• **Information provided**:
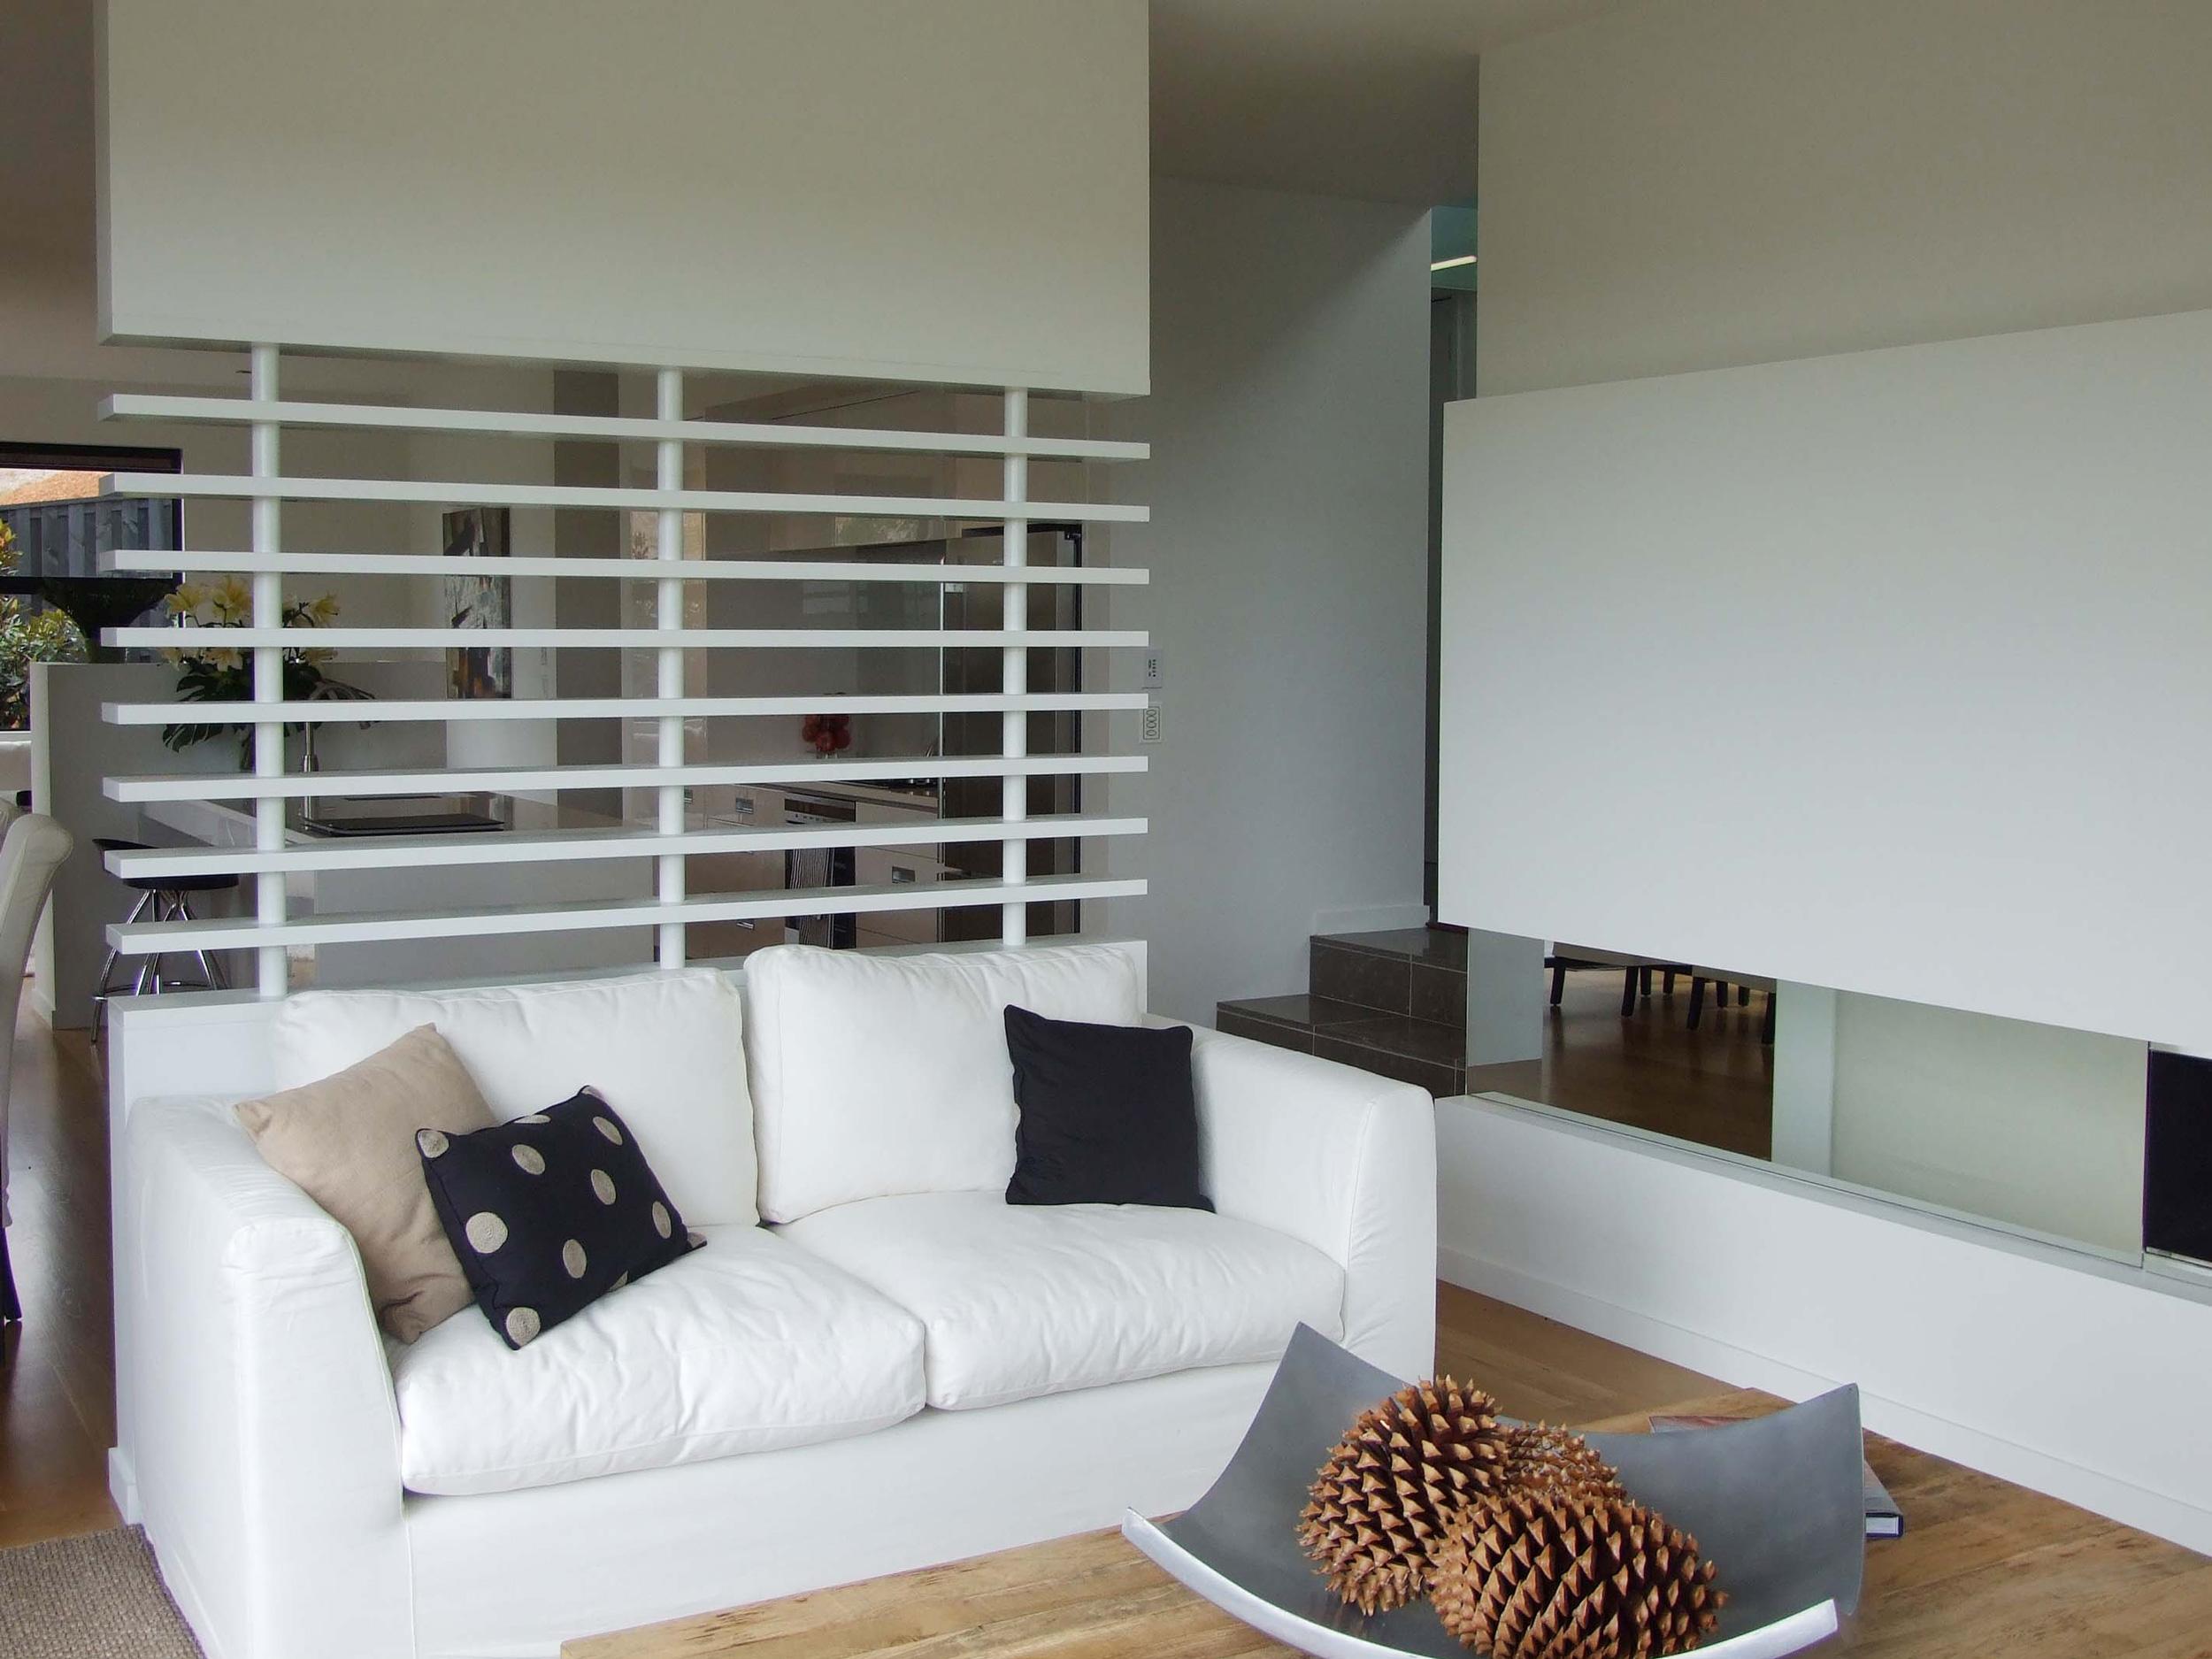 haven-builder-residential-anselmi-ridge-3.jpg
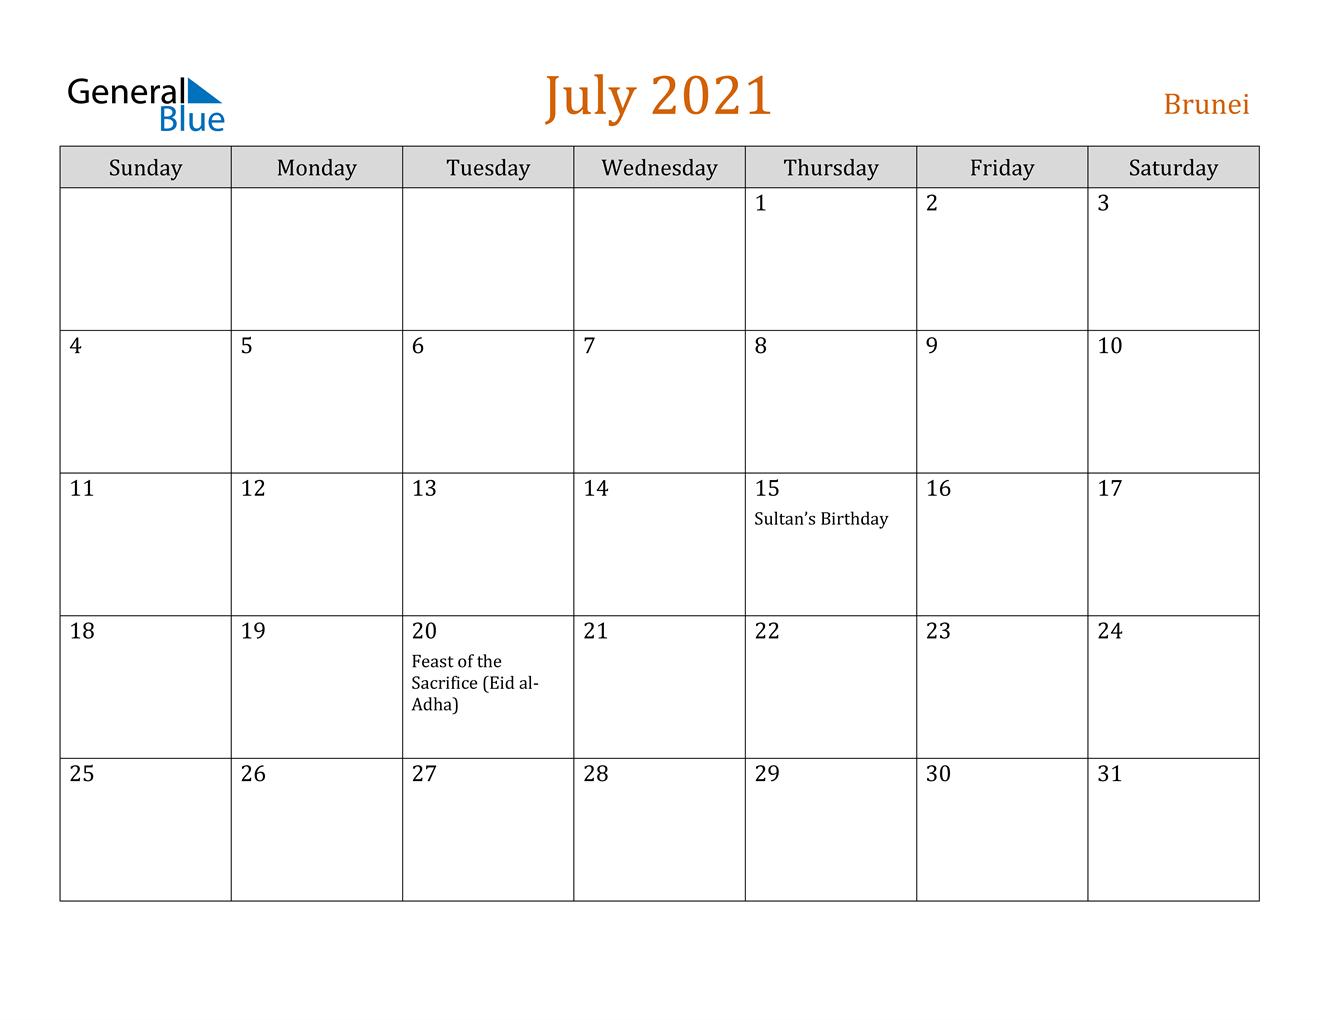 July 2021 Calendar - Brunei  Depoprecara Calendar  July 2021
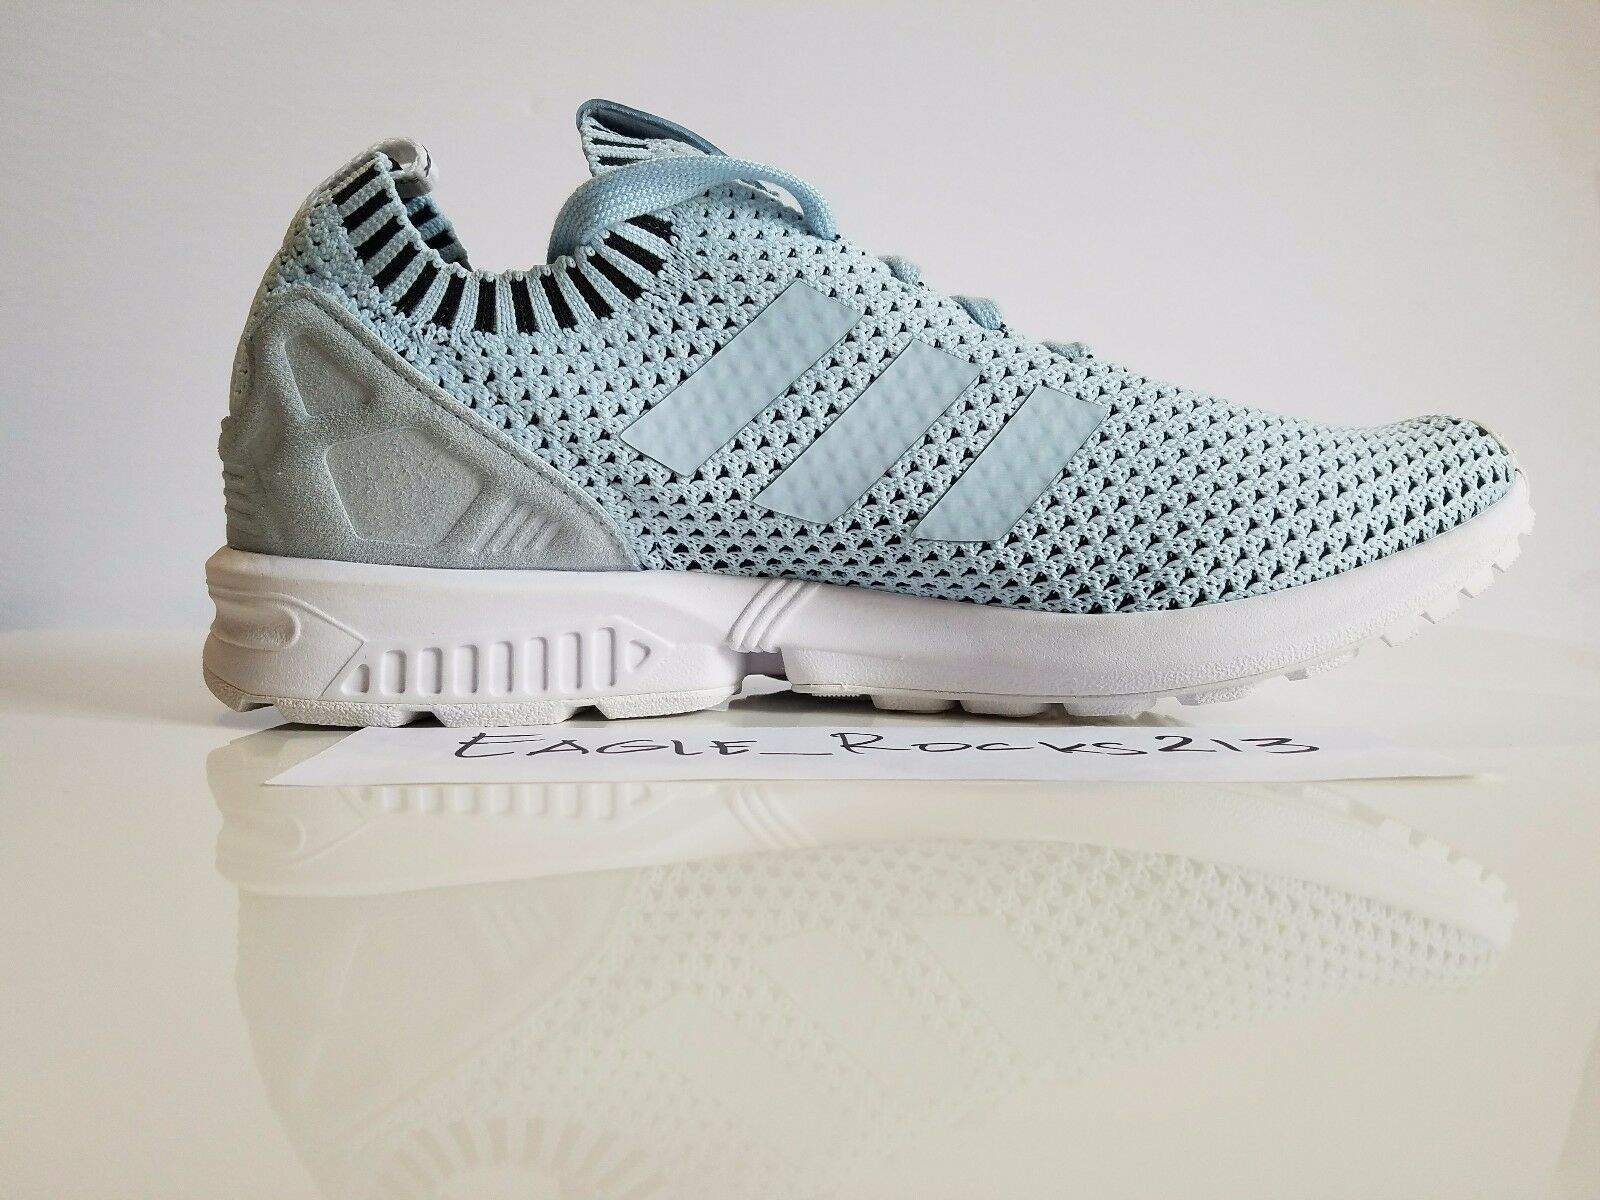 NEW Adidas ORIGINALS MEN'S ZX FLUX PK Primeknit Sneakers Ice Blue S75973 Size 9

• **What is expected**: With the pictures removed, write out exactly the lines from the line containing "July 2021 Calendar" through the last line of the material above, both included.

• **Answer to this problem**:
 July 2021 Calendar - Brunei  Depoprecara Calendar  July 2021
 NEW Adidas ORIGINALS MEN'S ZX FLUX PK Primeknit Sneakers Ice Blue S75973 Size 9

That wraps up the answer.